Marder's discussion of precision and accuracy (Sec. 2.2.3) is an example of muddled writing. He never actually provides definitions for the two terms, and seems to conflate precision with numerical precision and significant digits (a distinct topic otherwise absent in the book). Accuracy refers to the systematic error of a measurement process; it is quantified by the deviation between a true value (for instance, of a standard sample assigned a reference value) and the mean of replicated measured values. Precision is the degree of scatter of replicated measured values about their mean, regardless of accuracy. Measurements can be accurate and not precise, and vice versa. Examples of clearly written discussions of precision and accuracy may be found in Dunn (2010, Sec. 7.5) and at greater length in Mandel (1984, chapter 6).

Model assumptions

In the discussion of U.S. population growth models (Sec. 4.6.1), an opportunity is lost to illustrate checking the plausibility of model assumptions. Although Marder concedes that his models' prediction “is only as good as the assumptions that led to” his model (p. 140), he makes no attempt to evaluate the plausibility of these assumptions. The model assumes that there is a fixed maximum population and a fixed growth rate. The growth rate is assigned the value of a historical average (for 1950-2000), and the maximum population is arbitrarily set to 6.4 billion. The author's discussion seeks mainly to illustrate how to simulate an iterated map model in spreadsheet software, but he could have also given students some guidance on comparing a model's forecasts with, say, historical data or data from other countries. Such comparisons are an essential component of model validation, a process commonly discussed in engineering. However, in "pure" science model validation is rarely discussed in any formal way, except in certain fields where forecasting is of central interest (e.g., weather and climate).

Error propagation

In Sec. 2.2.4, Marder discusses the rules for propagation of error when calculating quantities consisting of arithmetic combinations of other quantities measured with error. The rule for adding two quantities (their uncertainties add in quadrature) is justified by citing a probabilistic argument given later in the book (p. 80), which shows that this is true for standard deviations when adding two independent random variables. This is a subtle sleight of hand. The rules for propagation of error apply equally to deterministic uncertainties, as justified by approximation theory (namely, Taylor approximation) as shown by Taylor (1997). It is reassuring that the approximation theoretic and probabilistic rules for propagating error are consistent. However, an opportunity is lost to distinguish between a deterministic uncertainty, such as the finite resolution of a measurement system, which can be applied to a single measurement, and a probabilistic uncertainty, which can only be evaluated by replicated, independent measurements. Incidentally, the latter is preferred, since the uncertainty of a single measurement based on finite resolution is almost always an underestimate of the full uncertainty of the measurement process, which can only be evaluated by replicated, independent measurements, preferably carried out on multiple days by multiple technicians, under varying conditions.  The uncertainty of a measurement instrument is always less than the uncertainty of a measurement process as a whole -- this is another arch principle of statistical thinking often lost on physicists (of which I am one).  Ironically, it was the great physicist-turned-statistician W. Edwards Deming, among others, who promoted a process-focused view of variability.  (I hope to explore this issue in greater depth in a future post.)

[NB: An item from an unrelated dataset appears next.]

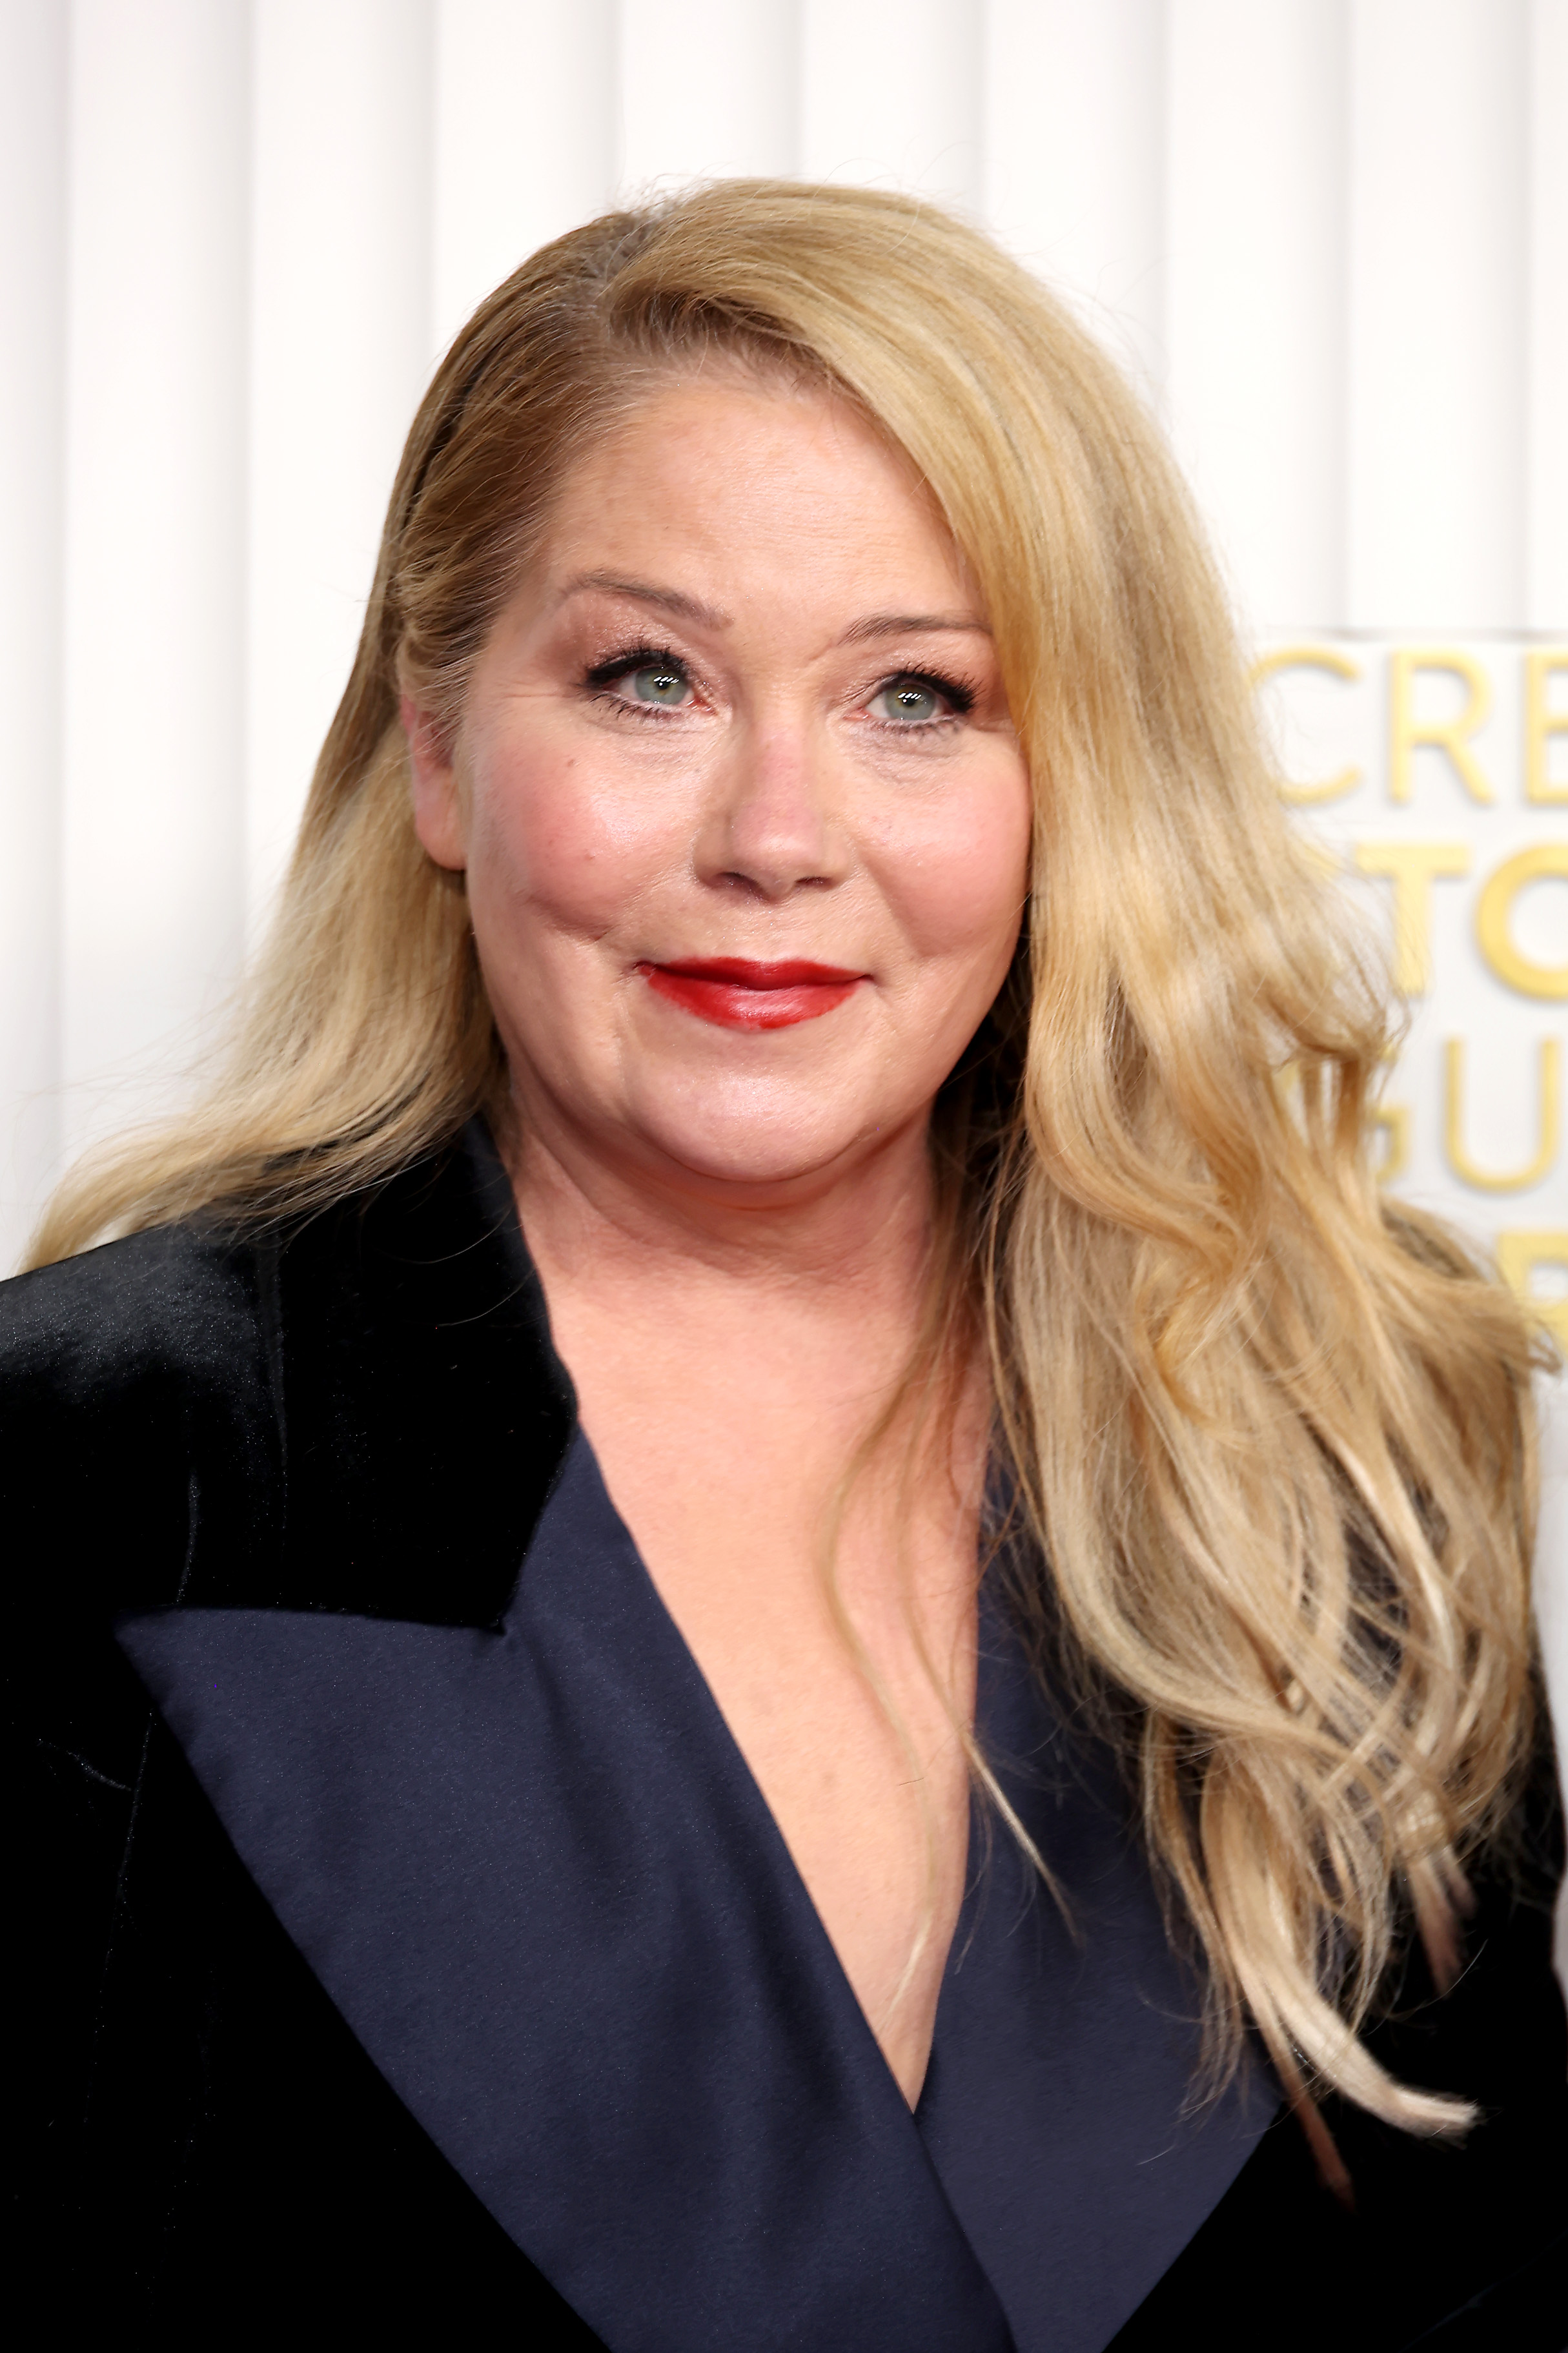 Christina Applegate attends the 29th Annual Screen Actors Guild Awards at Fairmont Century Plaza in Los Angeles, California, on February 26, 2023. | Source: Getty Images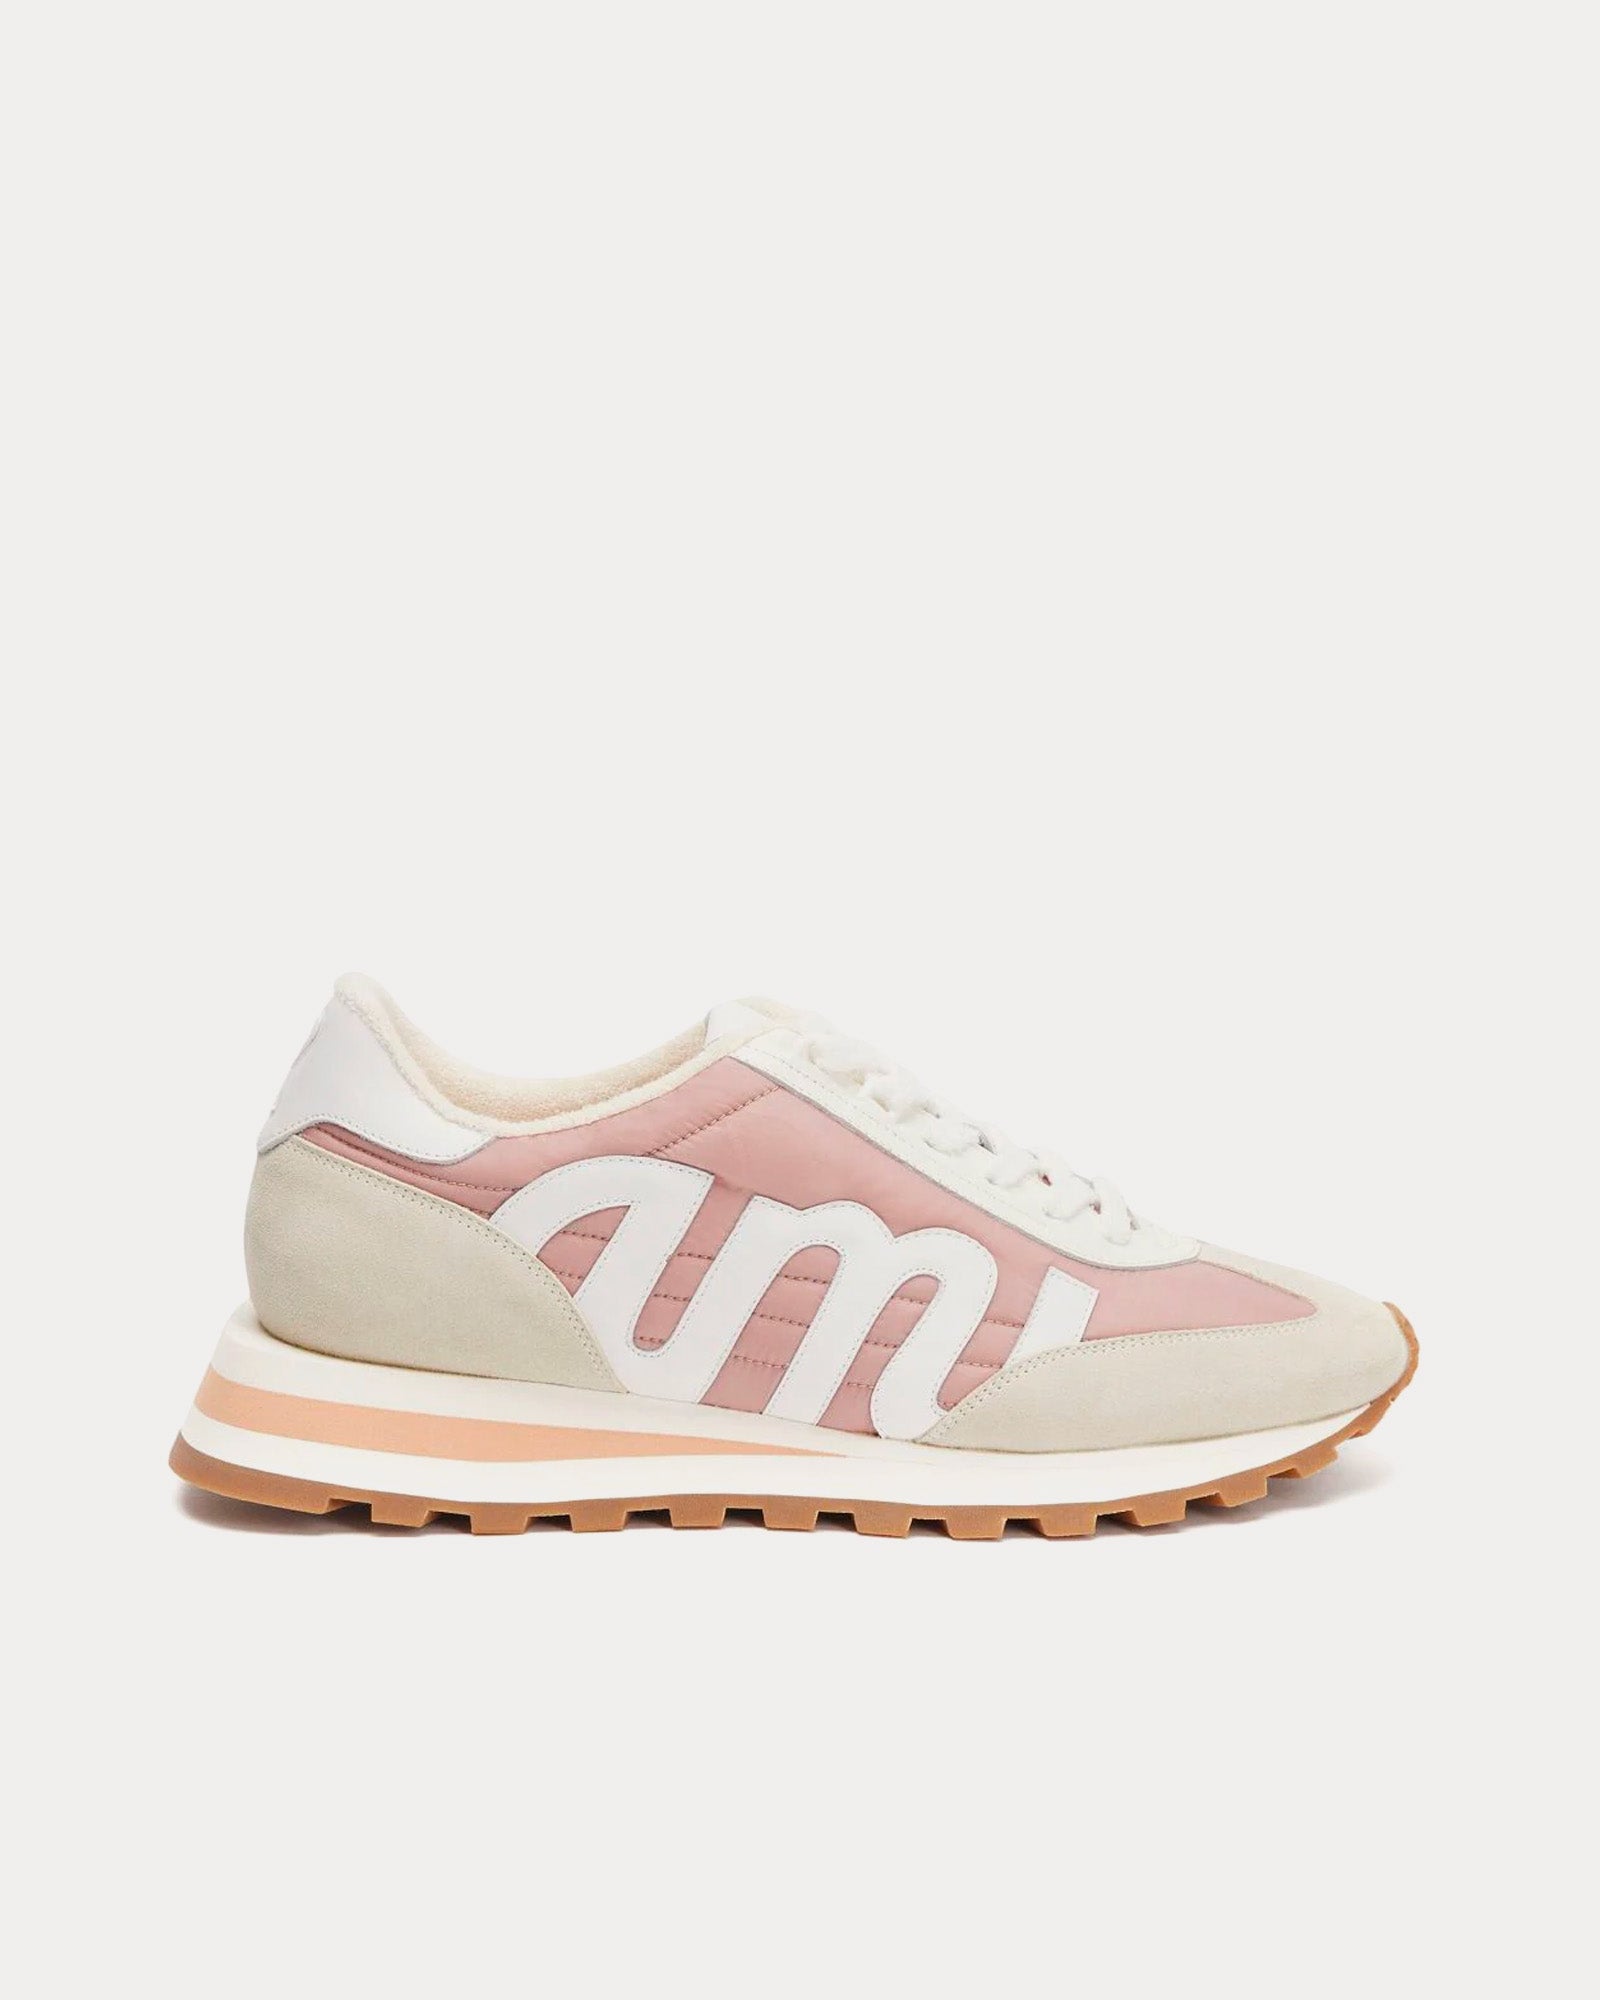 AMI - Ami Rush Pink / Light Beige Low Top Sneakers

The next and final post of this series will collect some miscellaneous criticisms of the book.

References

P.F. Dunn (2010):  Measurement and Data Analysis for Engineering and Science, 2d ed. CRC Press.

G. Gigerenzer (2002):  Calculated Risks: How to Know When Numbers Deceive You. Simon & Schuster.

W.-Y. Loh (1987):  Does the correlation coefficient really measure the degree of clustering around a line? J. Educ. Stat., 12: 235-239.

J. Mandel (1984):  The Statistical Analysis of Experimental Data, corrected reprint. Dover.

J.R. Taylor (1997):  An Introduction to Error Analysis: The Study of Uncertainties in Physical Measurements, 2d ed. University Science Books.